More reliable long runs

Calls to AI solutions now use retries and timeouts by default (up to three retries, with a short wait between attempts). If a single conversation or evaluation fails, the run can continue instead of stopping the whole batch. Testers/developers can also resume an interrupted simulation or judging run so you do not redo work that has already finished.

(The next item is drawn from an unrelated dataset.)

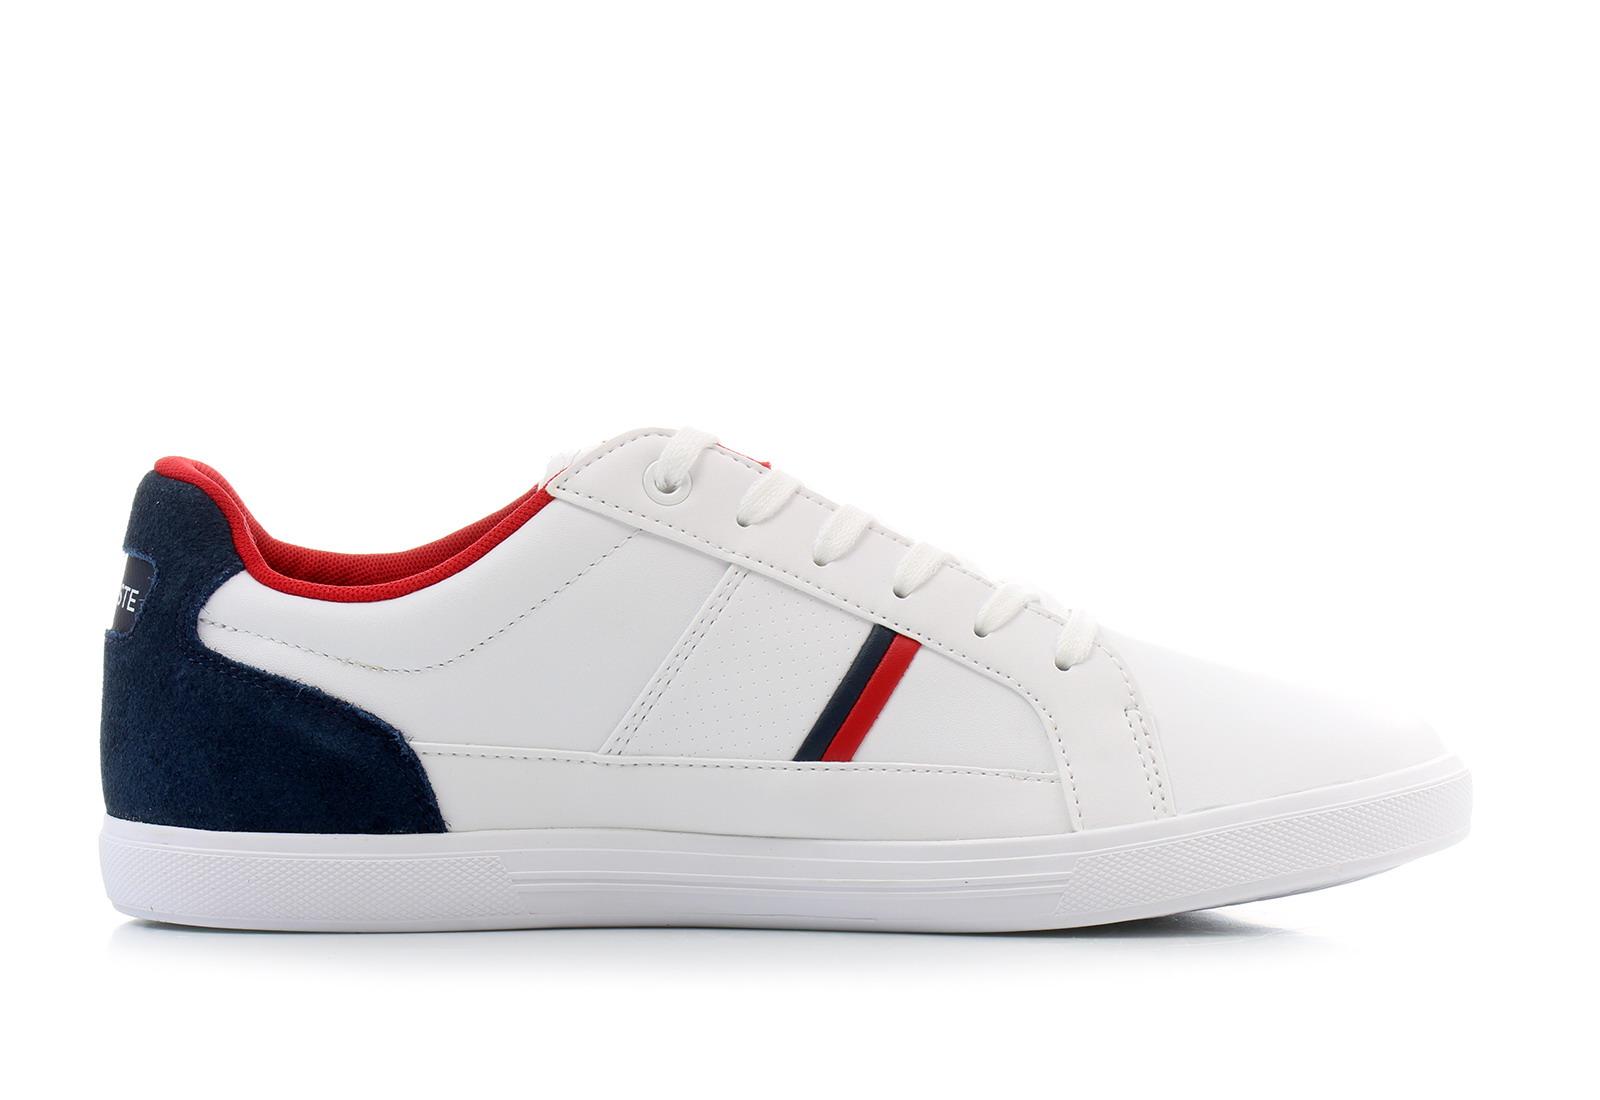 Lacoste Cipő - Europa - 173SPM0012-042 - Office Shoes Magyarország 47ac53237a

Clearer outputs for review

Judge activity is logged in a predictable, per-job layout (one log per conversation, judge model, and evaluation instance). The README describes a default layout that keeps each generation run’s transcripts, nested evaluations/ batches, scores, and related artifacts under a single parent (typically output/ with timestamped p_* run folders) so outputs are easier to find, resume, and share.

Reliable VERA Scoring

The README now describes recommended settings for a stable, comparable headline score (2 conversations per each of the 100 personas, dual user-agent simulators, 30 turns, dual judges, and optional pooling), and includes a helper script scripts/run_recommended_vera_pipeline.sh to run conversations, evaluations, scoring, and obtaining the overall VERA score for the provided chatbot.

Where to learn more

  • Getting started and recommended settings: repository README
  • Custom providers (private APIs or unsupported models): README section Connecting your own LLM, Agent, or API and docs/evaluating.md
  • Research context: links in the README Additional Resources section (including the reliability/validity preprint)
  • General VERA-MH information: visit the website at VERA-MH.com

For a concise, technical list of changes, see CHANGELOG.md in the repository root.